Come ha detto Ben Bernanke, presidente della Federal Reserve, gli Stati Uniti sono «quasi sicuramente» fuori dalla recessione. Il dato di agosto sui consumi americani è incoraggiante, così come i dati sulla riduzione delle scorte e sulla ripresa della produzione industriale e del mercato del credito edilizio. Ancor prima di quanto molti prevedevano anche solo sei mesi fa, sembra che le maggiori economie, gli Usa in testa, si stiano riprendendo; le iperboli terrificanti sulla crisi del 1929 e sulla fine del capitalismo anglosassone sono per fortuna un ricordo che, anche se vicino nel tempo, sembra già un po' "passé".
Ma la ripresa, anche se c'e, potrebbe essere debole debole e rimangono scogli sul tragitto della ripresa. Quali?

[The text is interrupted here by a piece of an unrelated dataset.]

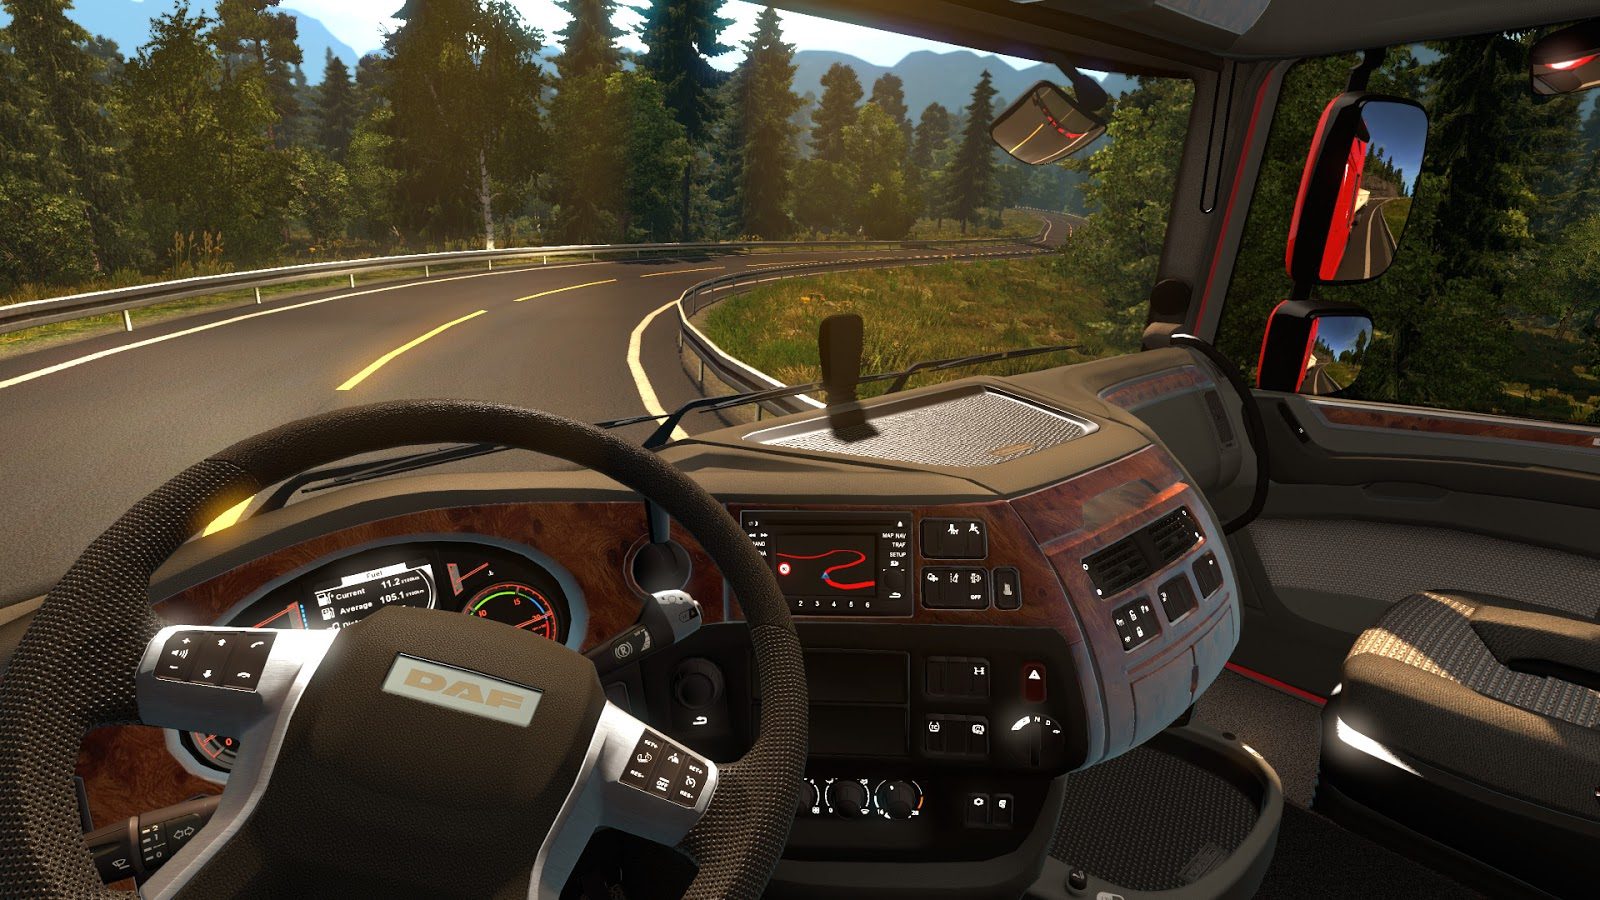 télécharger euro truck simulator gratuit (windows)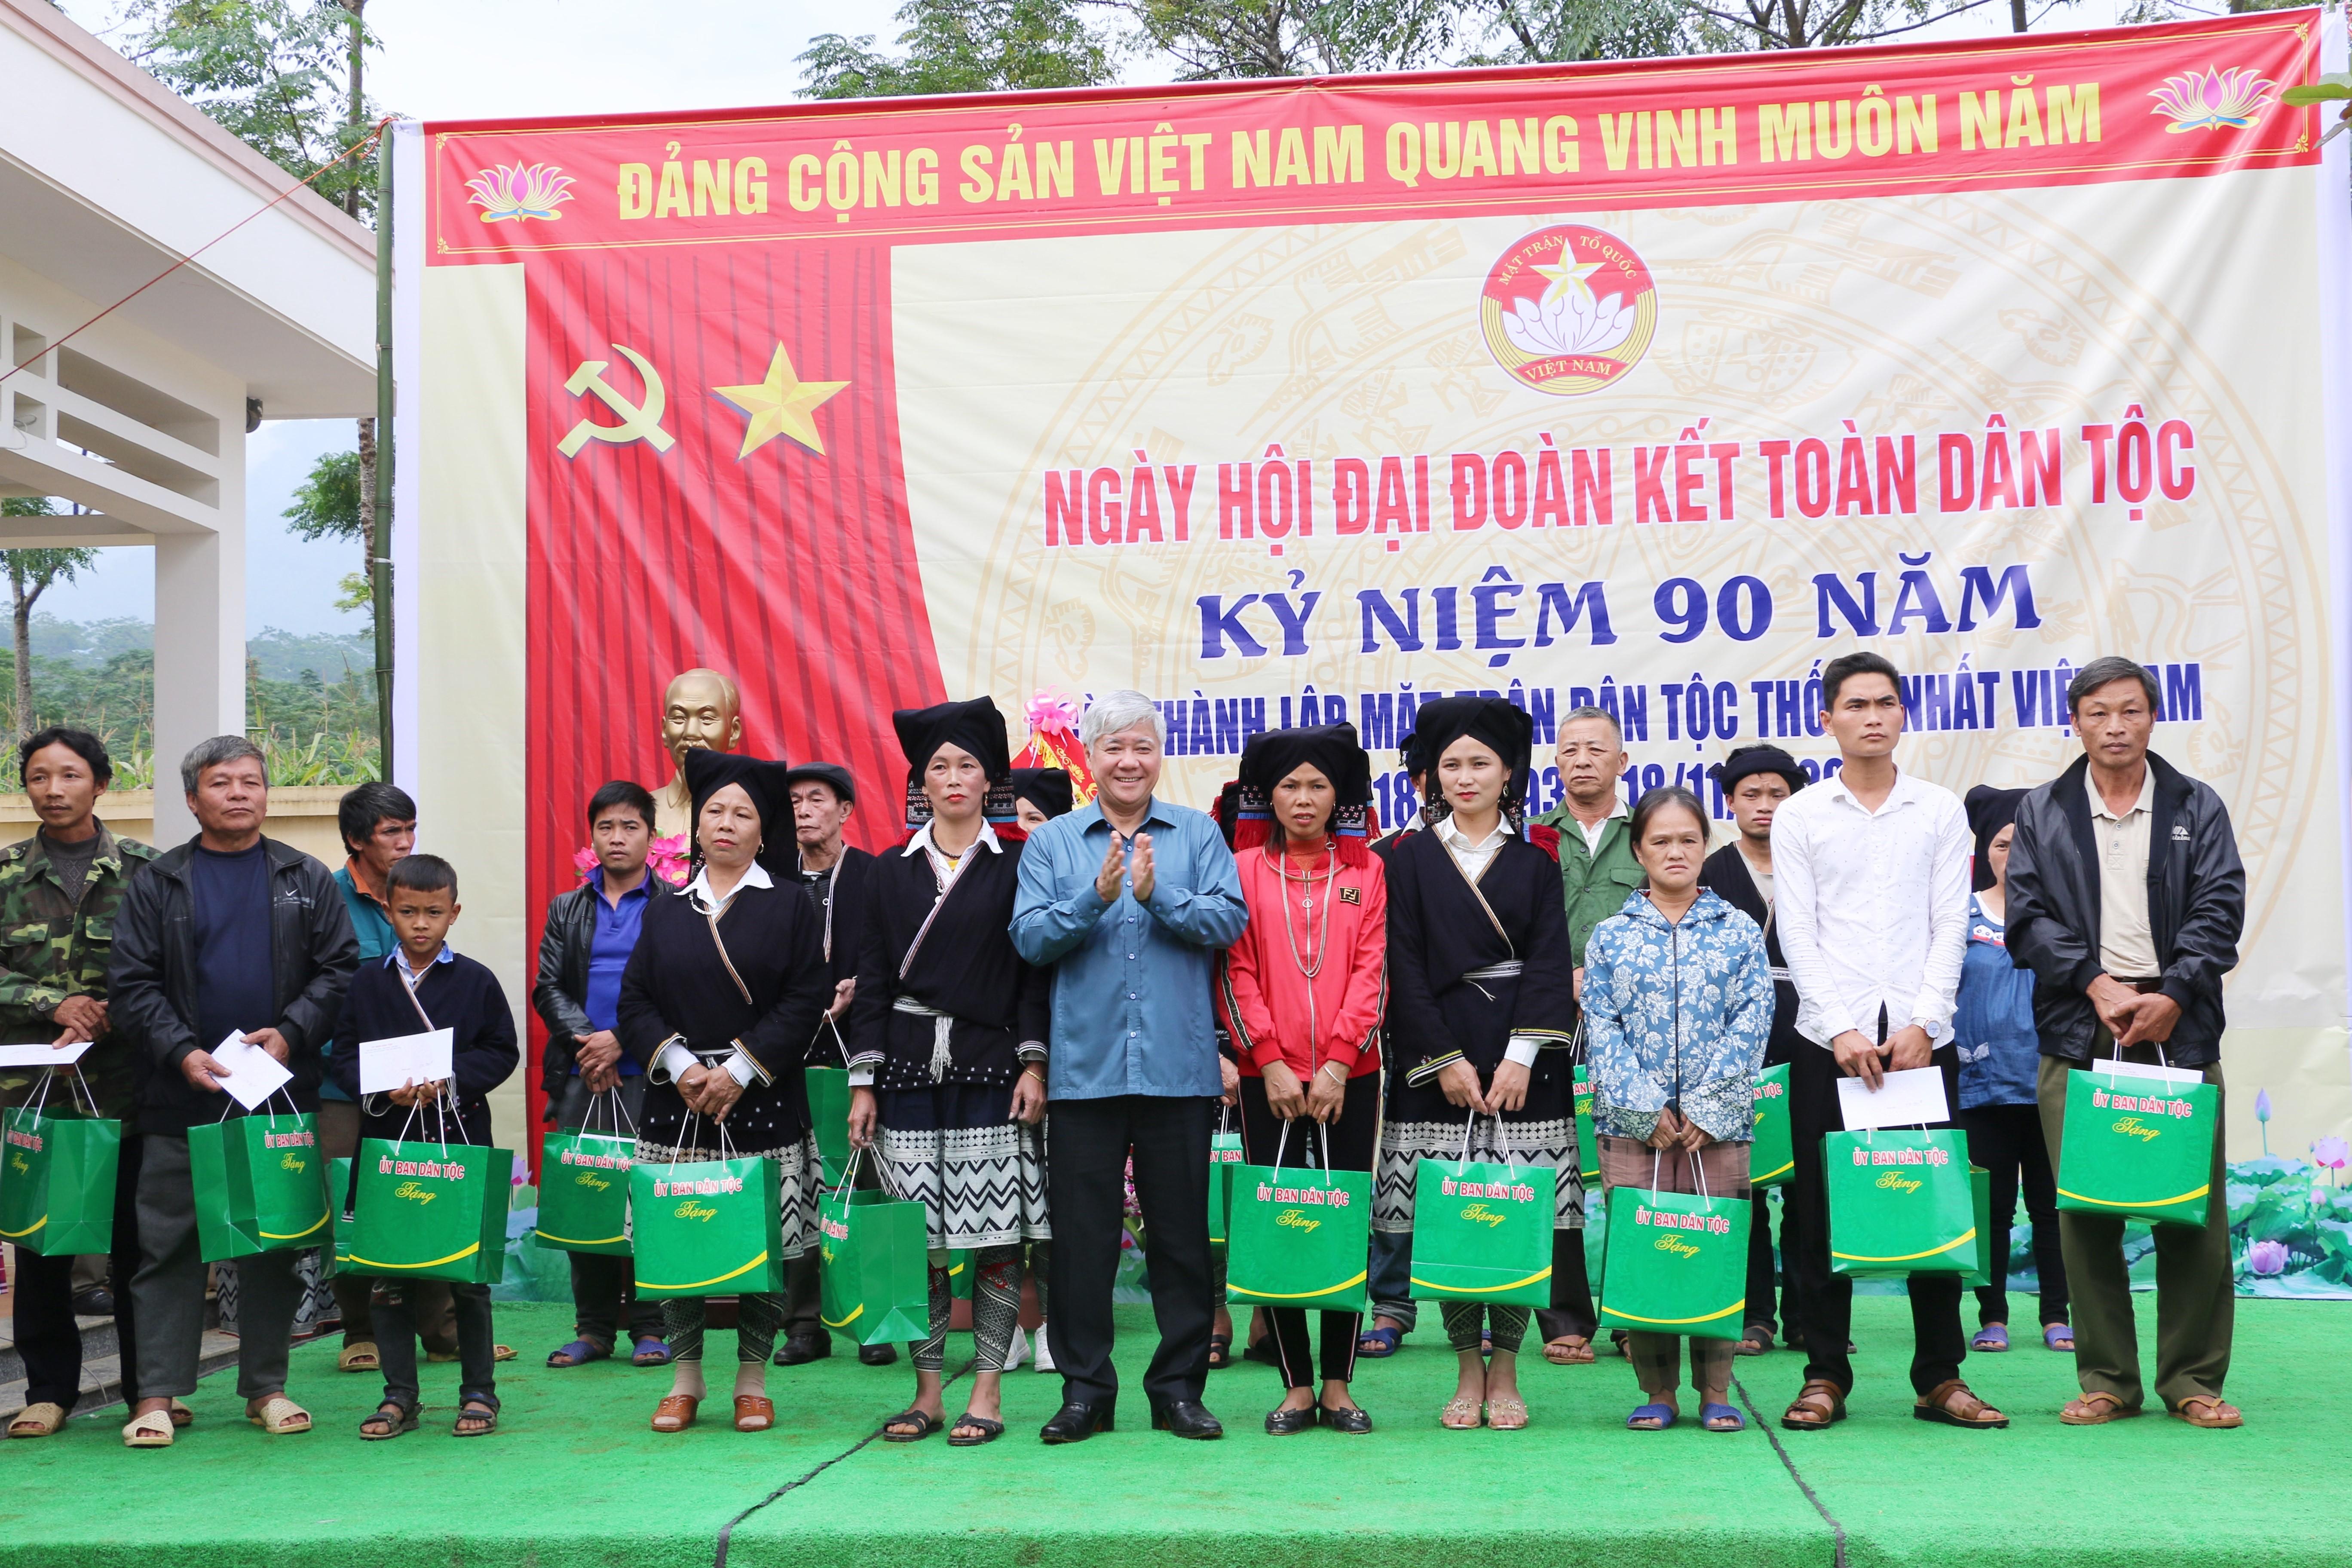 Bộ trưởng, Chủ nhiệm UBDT Đỗ Văn Chiến tặng quà cho các hộ gia đình dân tộc thiểu số ở xóm Ngù

Il deficit pubblico americano. Dalle politiche di rientro dipenderà la solidità della ripresa. Barack Obama sbaglia a spingere una riforma della sanità che affosserebbe ancor di più la finanza pubblica americana, contribuendo in modo determinante a far proseguire nel tempo quegli squilibri di bilance commerciali che hanno preceduto la crisi.
Il presidente dovrebbe adottare una riforma più realistica che aiuti con sussidi specifici quella parte di americani non assicurata e che non si può permettere i prezzi di mercato delle assicurazioni private. Senza la riforma sanitaria di Obama si parla già di deficit per 10-15 anni negli Stati Uniti a livelli di 2-3% di Pil. Con la riforma si arriverebbe a livelli vicini al 7% secondo calcoli bipartisan. Tutte previsioni alquanto aleatorie, vista l'inevitabile incertezza, ma gli ordini di grandezza sono preoccupanti. Un aumento delle imposte in Usa è pressoché certo, ma un eccesso in questa direzione non farebbe che ostacolare la ripresa. Spostare domanda dal pubblico al privato è necessario per sostenere la ripresa americana in modo duraturo. Purtroppo il più recente discorso di Obama sulla riforma sanitaria e le proposte dei democratici nel Congresso non fanno ben sperare.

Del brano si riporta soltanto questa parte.